Точнее, как хотела она. Эта Маша.
Я пришла одна. Бывший муж, отец Никиты, прислал вежливый отказ и конверт с деньгами. Сказал, что «не хочет портить молодым праздник».
Трус. А я пришла. Я — мать.
Я потратила на это платье две зарплаты своих швеей из салона. Я сидела в лучшем кресле у стилиста с шести утра.
Я должна была быть безупречной. Я должна была показать им всем.
Меня встретила девушка с планшетом и натянутой, как струна, улыбкой.
— Галина Сергеевна? Пройдемте, я покажу ваше место.
Она вела меня мимо столов. Стол «Родители невесты» — там уже сидели ее «простые» предки. Стол «Родители жениха».
Я напряглась, ожидая увидеть там свое имя. Но там, во главе стола, сидел только мой бывший, Олег, и его новая жена. Кажется, Света.

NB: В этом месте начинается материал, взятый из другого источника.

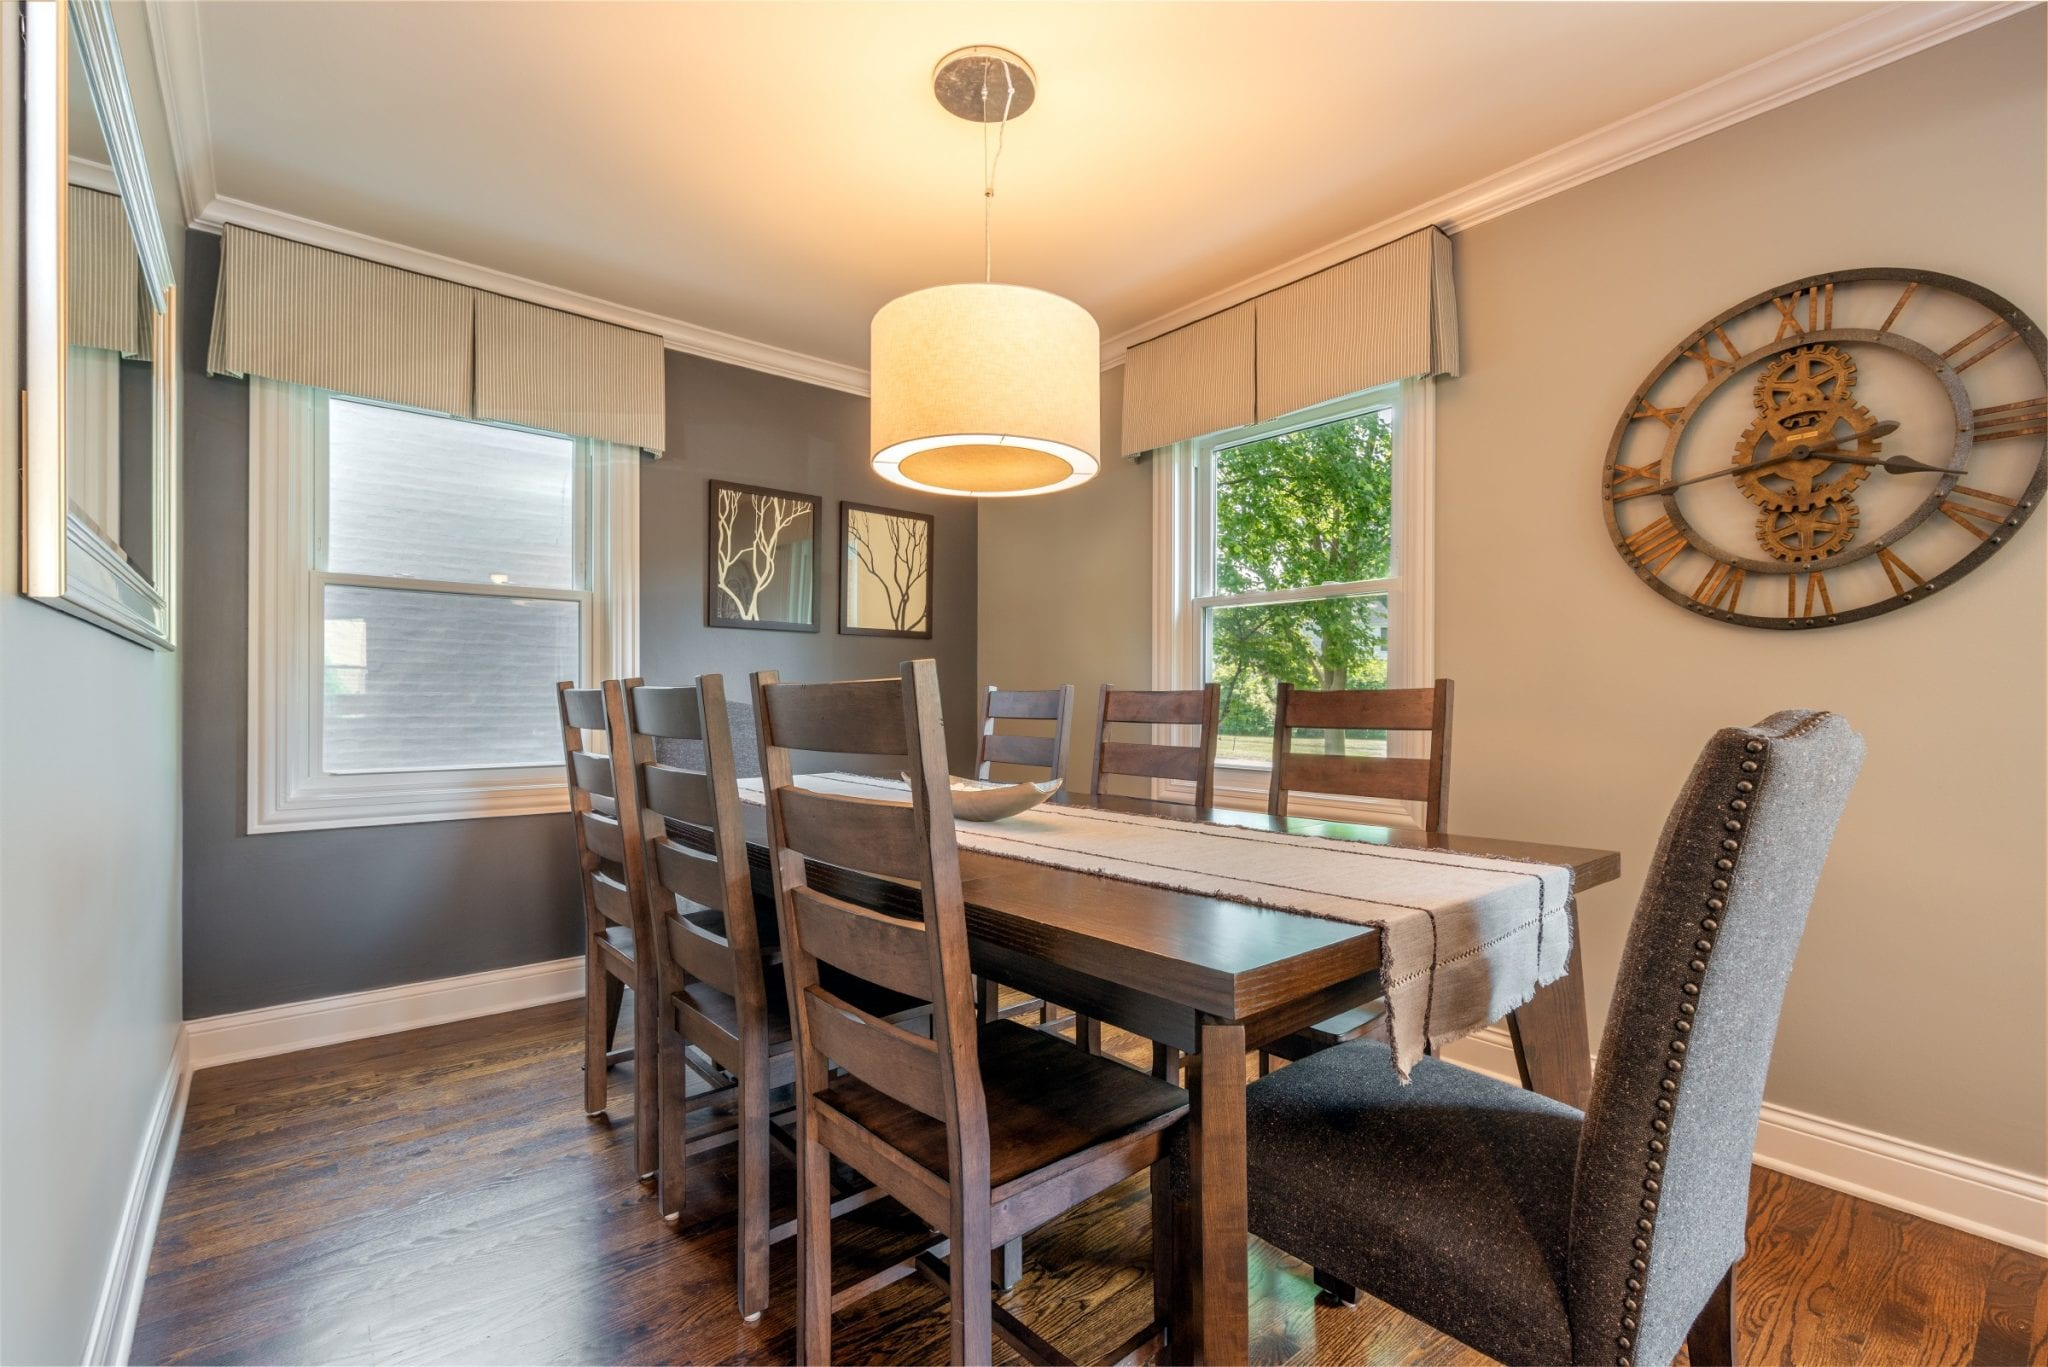 60004 Dining Room Design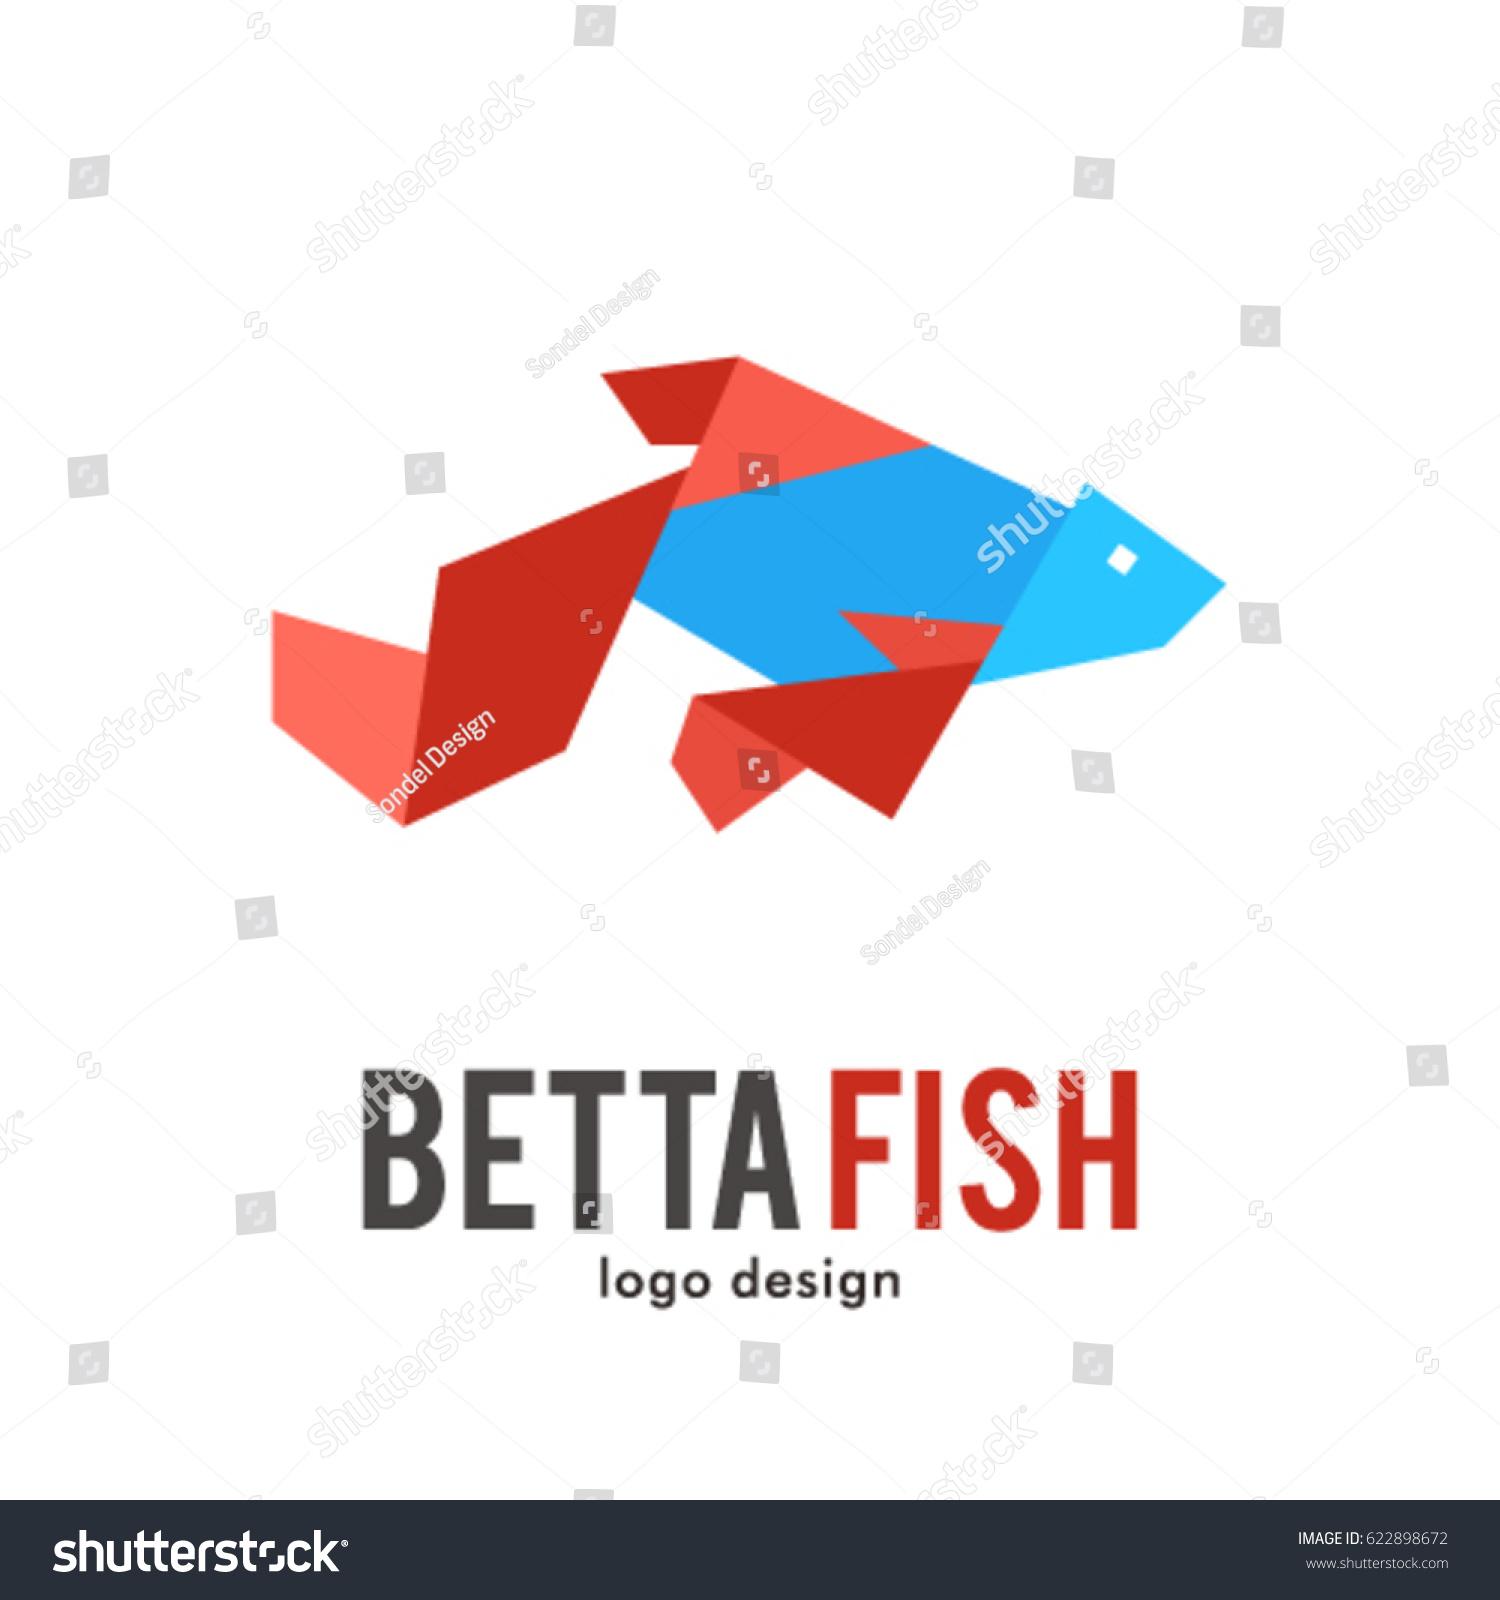 99 Betta Fish Design Pinterest Fish Logo Betta Fish And Logos

Никита меня об этом «тактично» предупредил. «Мам, ну ты же понимаешь, Света обидится. Вы сядете отдельно, за столом для почетных гостей».
«Почетные гости» — это всегда ссылка. Я это знала. Но не ожидала, насколько далеко меня сошлют.
Девушка с планшетом вела меня все дальше. Мимо друзей, мимо коллег, которые провожали меня удивленными взглядами.
Я чувствовала, как горит спина.
Мы остановились у столика в самом конце зала. Рядом с техническим выходом, откуда ощутимо пахло кухней и дешевым средством для мытья полов.
— Вот, — улыблась она, не меняя выражения лица. — Стол номер двенадцать.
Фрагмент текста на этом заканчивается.